We showed that divide-and-conquer methods can find optimal solutions with a memory consumption that is only logarithmic in the number of states, which is so small that they cannot even store the shortest path in memory. However, these search methods are impractical due to their large runtime. Depth-first search has a memory consumption that is linear in its depth cutoff since it stores only the path from the root node of the search tree to the state that it currently expands. This allows depth-first search to search large state spaces with a reasonable runtime. We discussed depth-first branch-and-bound, a version of depth-first search that reduces the runtime of depth-first search by maintaining an upper bound on the cost of a solution (usually the cost of the best solution found so far), which allows it to prune any branch of the search tree of which the admissible cost estimate is larger than the current upper bound. Unfortunately, depth-first search needs to search up to the depth cutoff, which can waste computational resources if the depth cutoff is too large, and cannot stop once it finds a path from the start state to any goal state (since the path might not be optimal). Breadth-first search and A* do not have these problems but fill up the available memory on the order of minutes and are thus not able to solve large search problems.

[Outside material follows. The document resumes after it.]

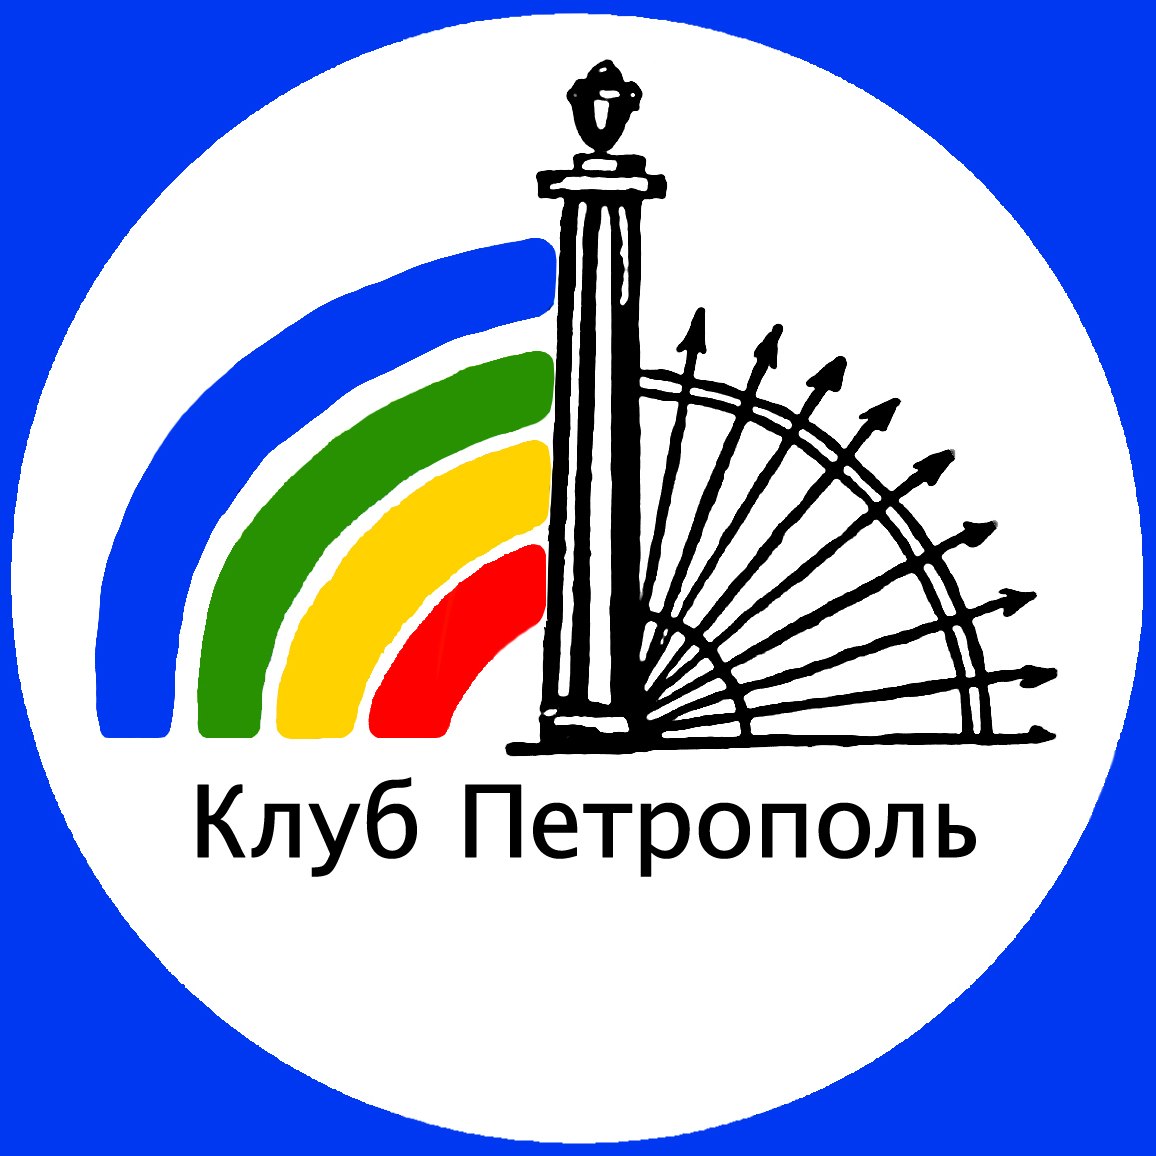 Петрополь
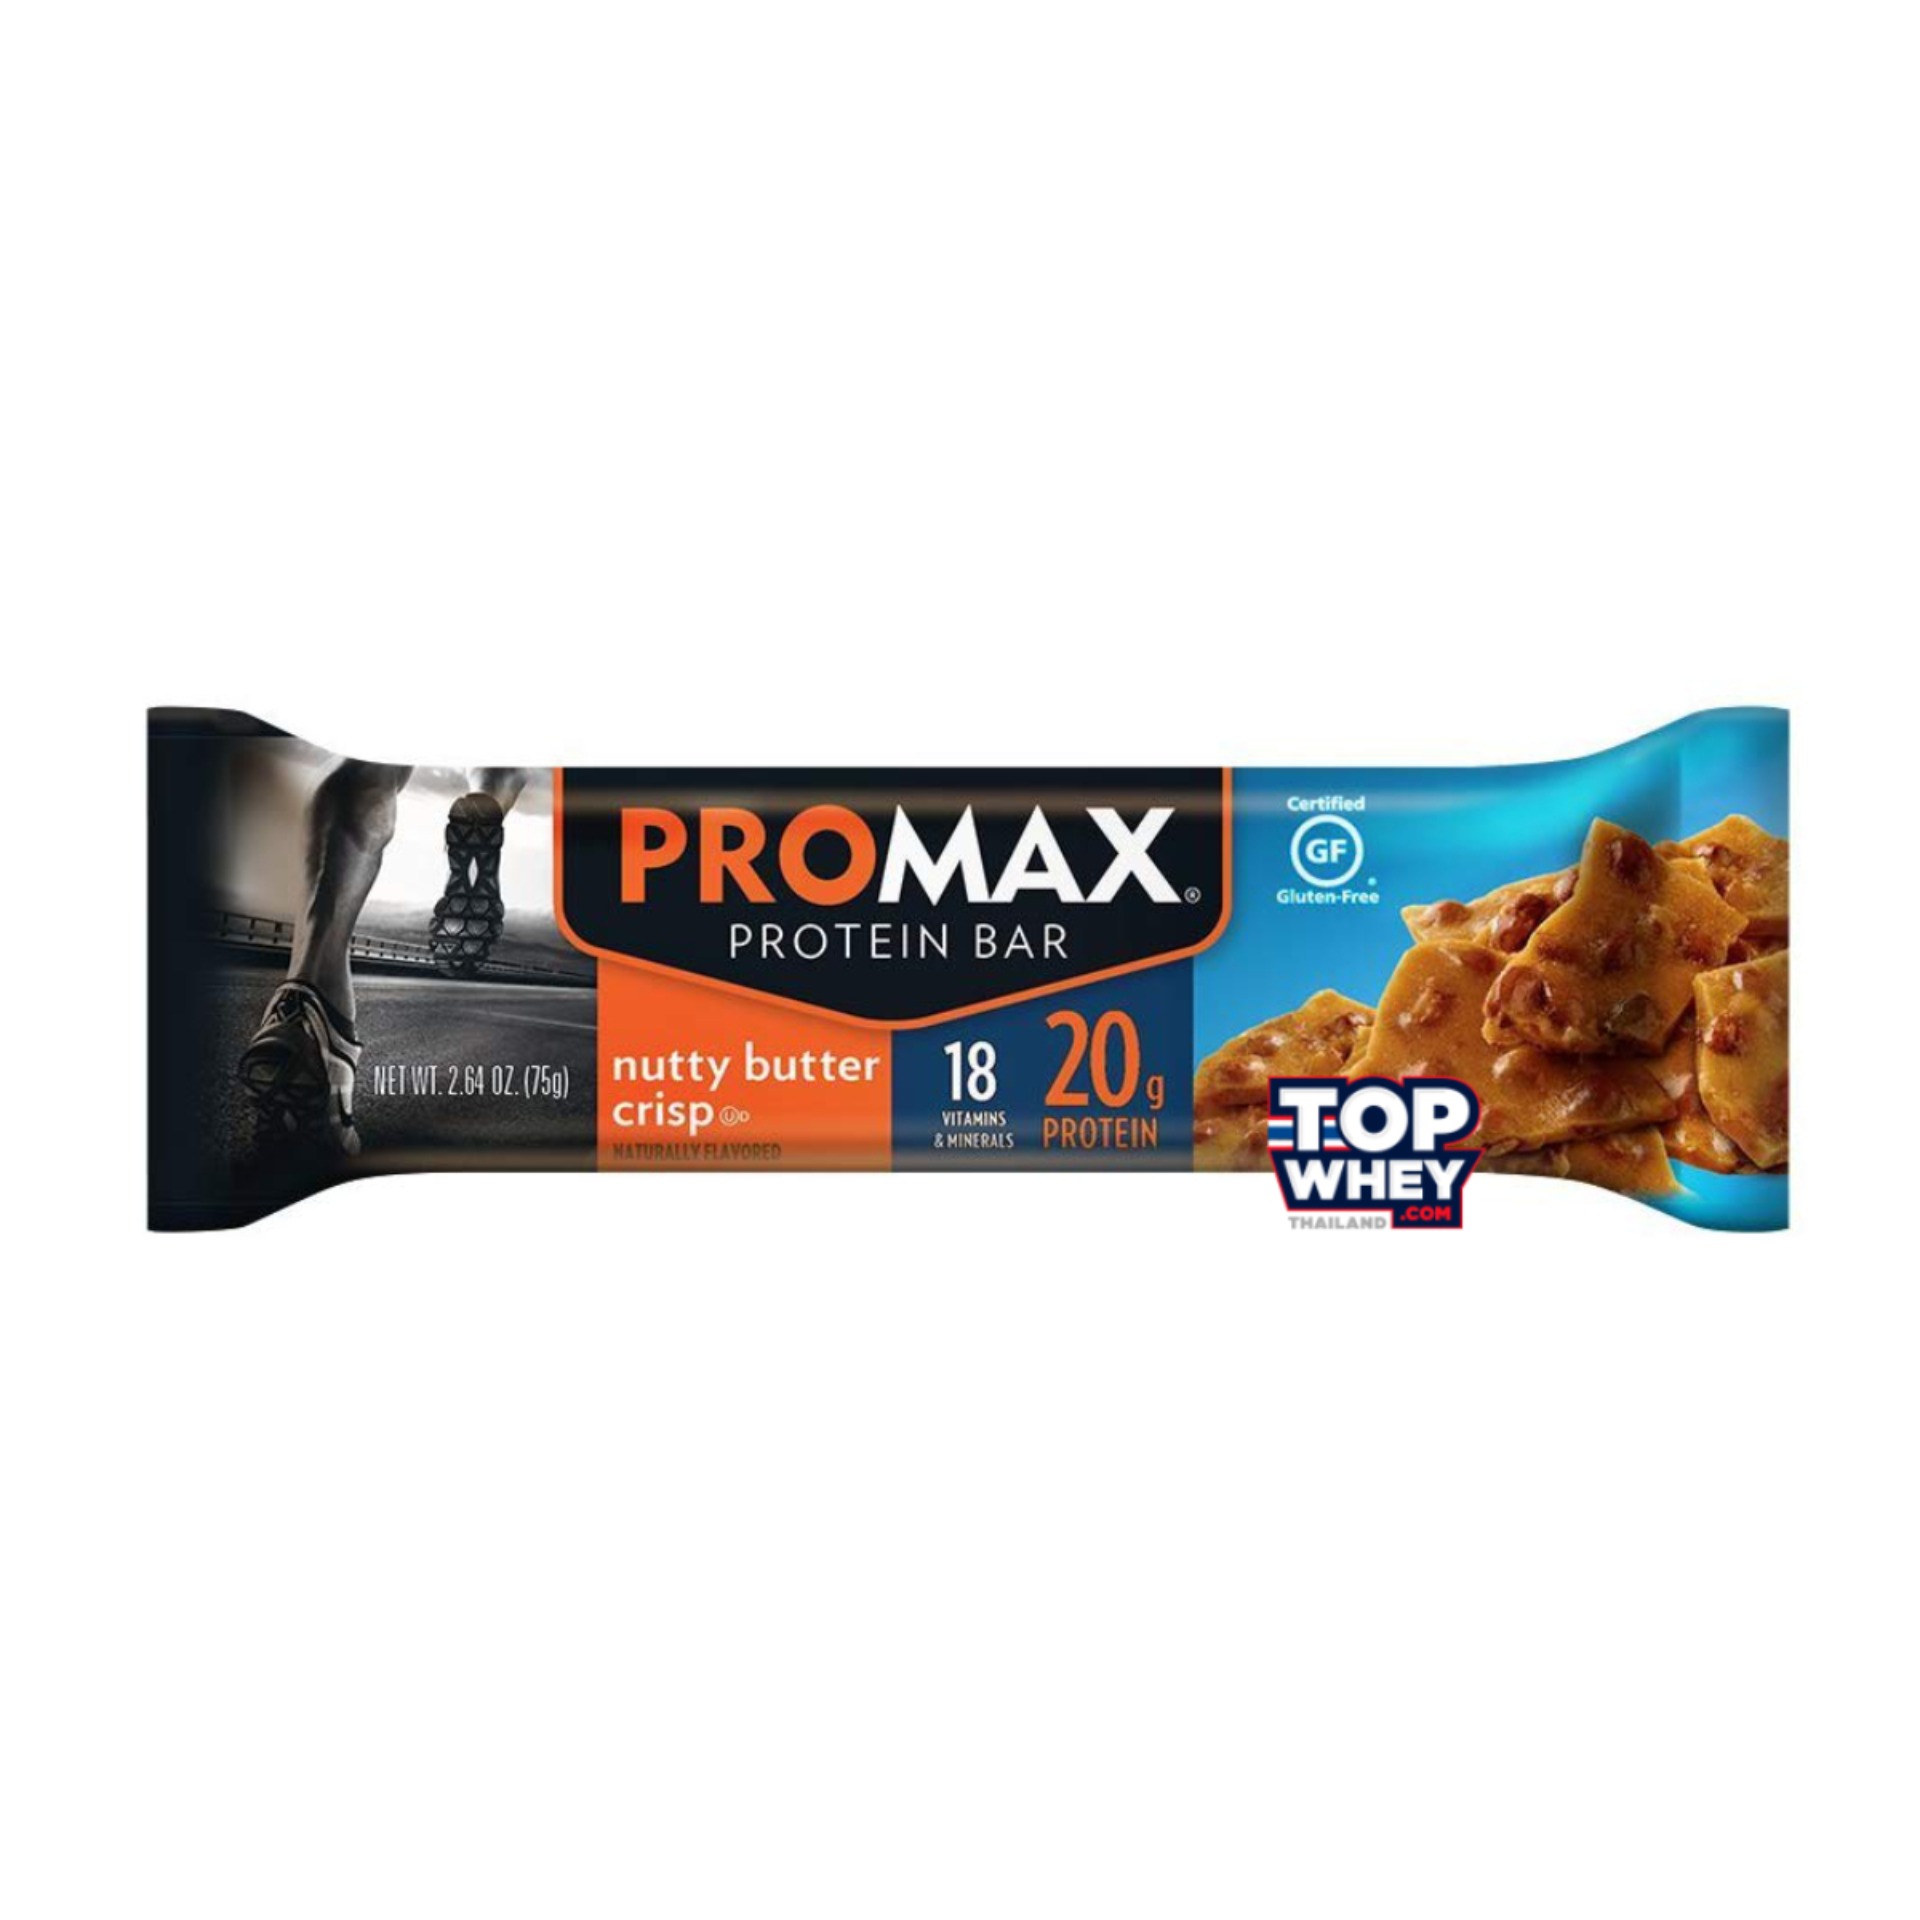 Promax Protein Bars - 1 Bar Nutty Butter Crisp  โปรตีนบาร์  มีส่วนผสมของเวย์โปรตีน  สามารถทานเล่น  หรือแทนมื้ออาหารได้  มีปริมาณของโปรตีนที่สูง

Researchers have addressed this issue by trading off their memory consumption and runtime, which increases their runtime substantially. They have developed a version of breadth-first search, called depth-first iterative-deepening (DFID), and A*, called iterative-deepening A* (IDA*), of which the memory consumption is linear in the length of a shortest path from the start state to any goal state. The idea behind these search methods is to use a series of depth-first searches with increasing depth cutoffs to implement breadth-first search and A*, in the sense that they expand states for the first time in the same order as breadth-first search and A* and thus inherit their optimality and completeness properties. The depth cutoff is set to the smallest depth or f-value of all generated but not expanded states during the preceding depth-first search. Thus, every depth-first search expands at least one state for the first time.

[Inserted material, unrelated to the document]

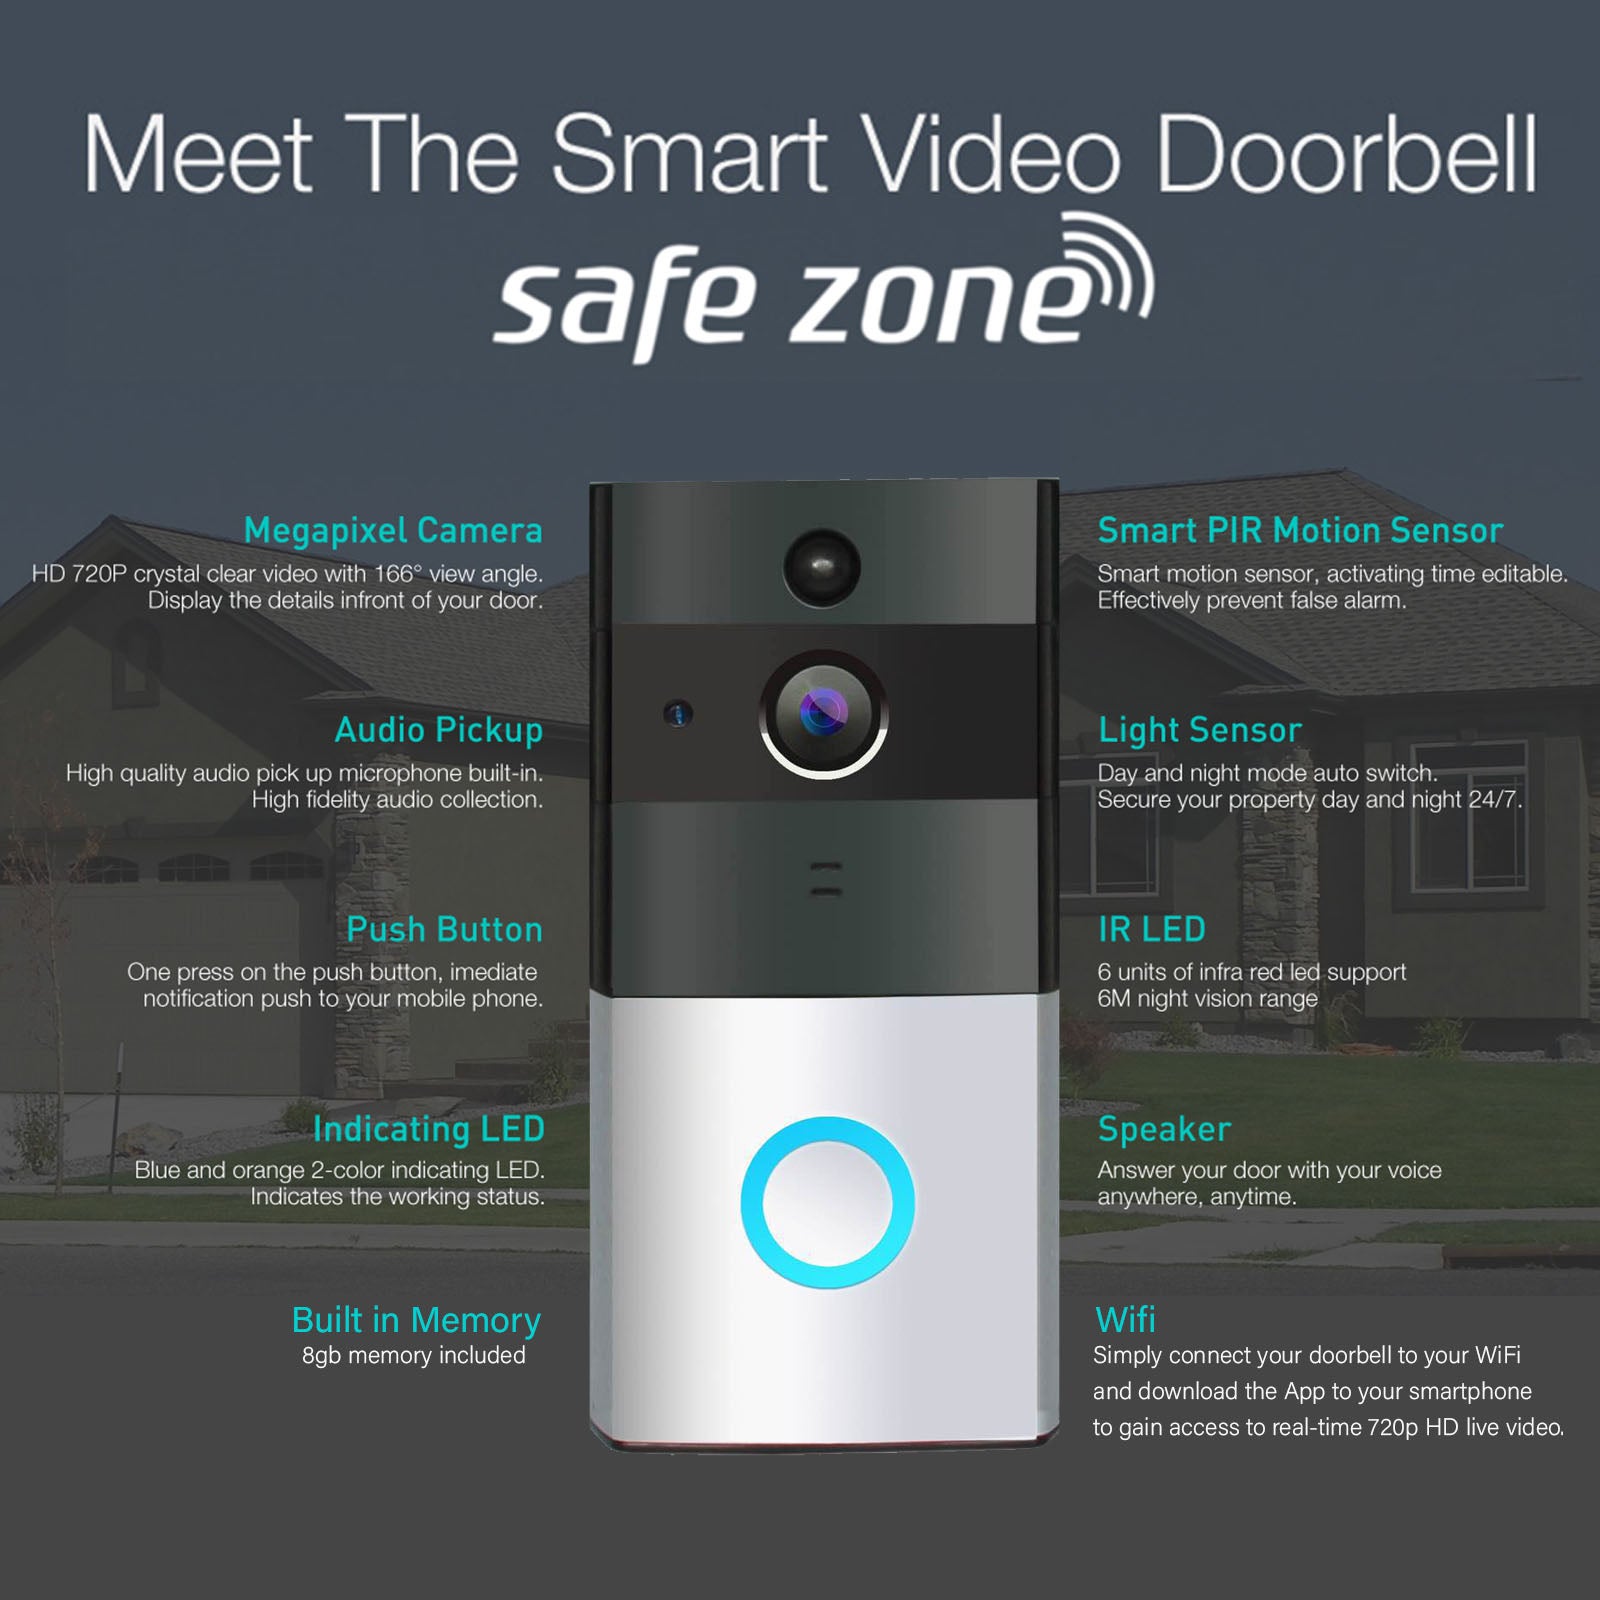 safe zone video doorbell

We also discussed a version of IDA* that increases the depth cutoff more aggressively, in an attempt to double the number of states expanded for the first time from one depth-first search to the next one. Of course, DFID and IDA* expand some states repeatedly, both from one depth-first search to the next one and within the same depth-first search. The first disadvantage implies that the runtime of the search methods is small only if every depth-first search expands many states (rather than only one) for the first time. The second disadvantage implies that these search methods work best if the state space is a tree but, in case the state space is not a tree, can be mitigated by not generating those children of a state s in the search tree that are already on the path from the root of the search tree to state s(a pruning method discussed earlier in the context of depth-first search). Note, however, that the information available for pruning is limited since the memory limitation prohibits, for example, to store a closed list.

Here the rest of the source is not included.